Сатир обожал разрез ее глаз и в мужской компании иногда говорил, что обязательно попробовал бы завести с ней роман, но подчас просто боится ее. До нее каким-то образом дошли его слова, на что она заявила, что Сатир правильно боится.
Сейчас все молчали, так как понимали, что Сатир слишком многое знает и умеет, чтобы его мнение можно было оставить незамеченным. Он один из немногих в группе более или менее разбирался в подрывном деле, кроме того, был чертовски хитер и имел потрясающий нюх на опасность. Выполнять такое серьезное дело без него было бы неразумно. Поэтому собравшиеся молчали и ждали, к чему все-таки склонится его мнение.

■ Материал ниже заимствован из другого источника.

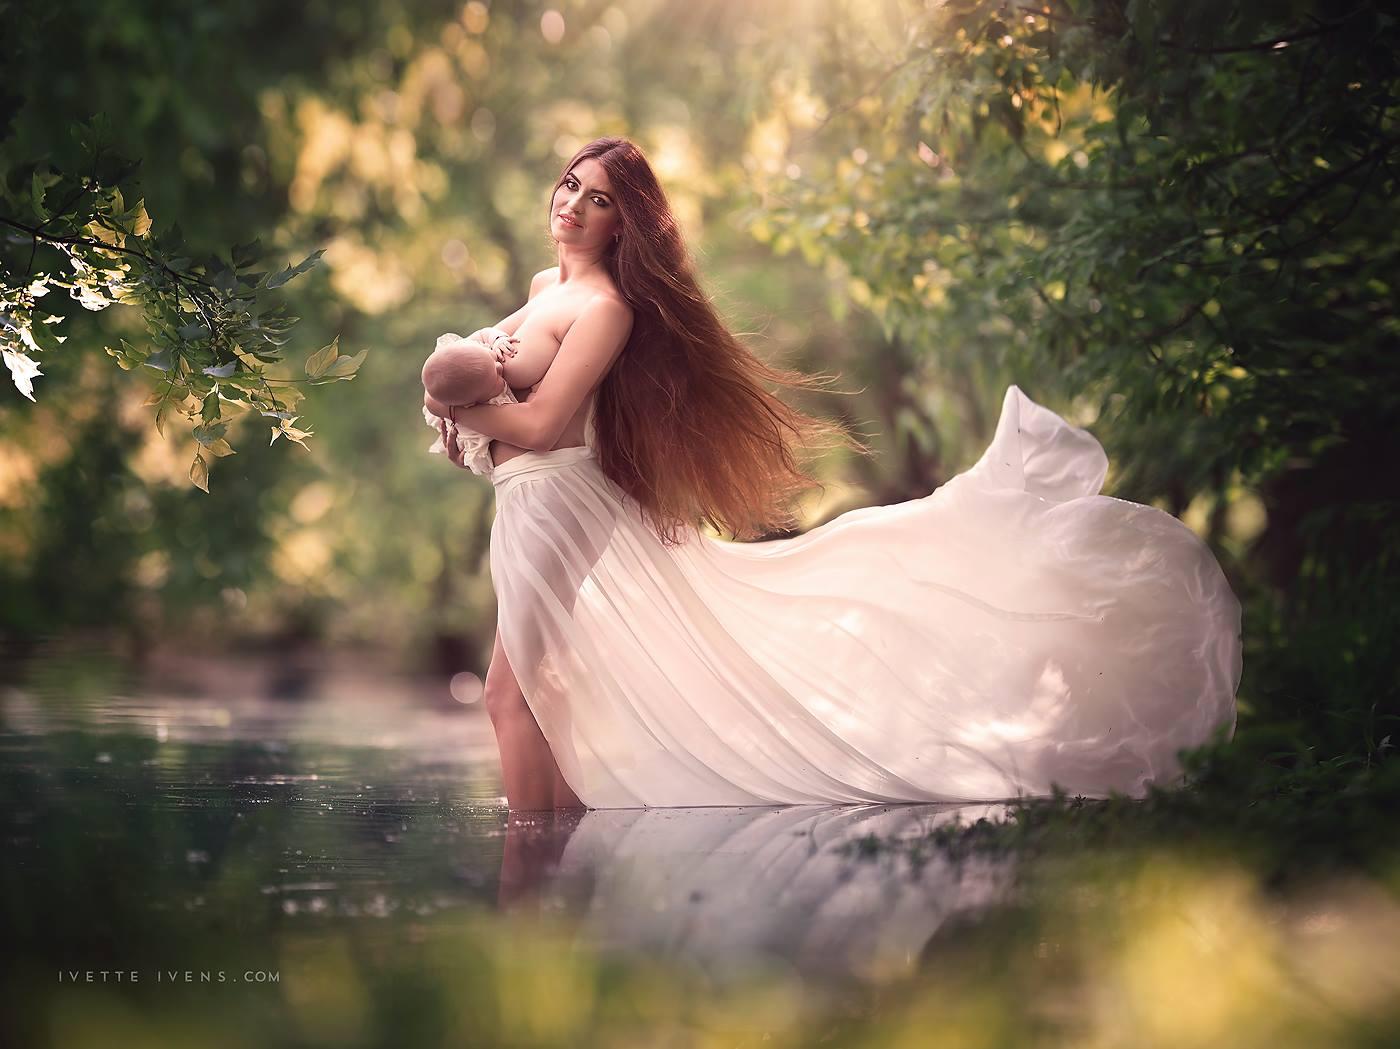 Самые красивые мамочки фото, голые мамочки в фото эротике - красивые мамки 27 фотография
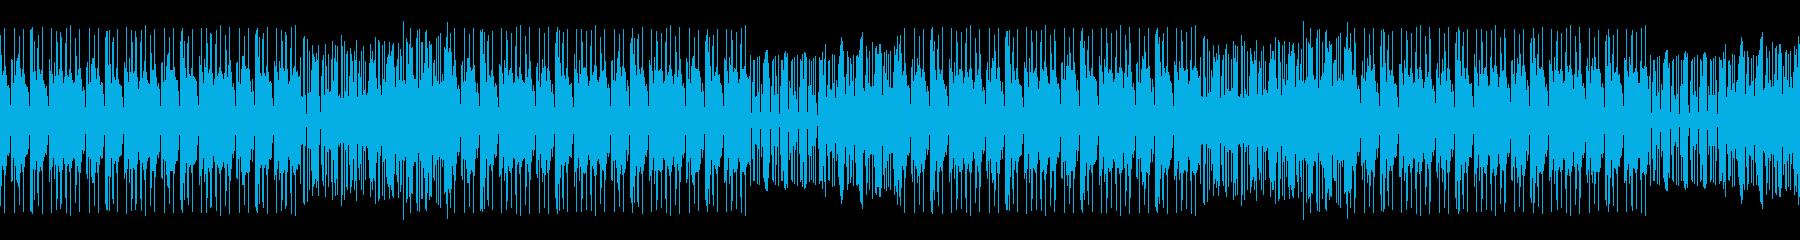 ダークな感じのトラップループの再生済みの波形

Предмет всеобщего внимания, чувствуя сосредоточившиеся на нем взгляды, немного картинно закурил сигарету (он редко мог отказать себе в желании порисоваться, особенно сейчас, перед своим узкоглазым объектом обожания) и проговорил:
— Ладно, давайте без умствований. Я хочу спросить вот о чем. Белка, ты собираешься провернуть это дело, поскольку веришь в то, что говоришь, или тебе всего лишь хочется взорвать что-нибудь?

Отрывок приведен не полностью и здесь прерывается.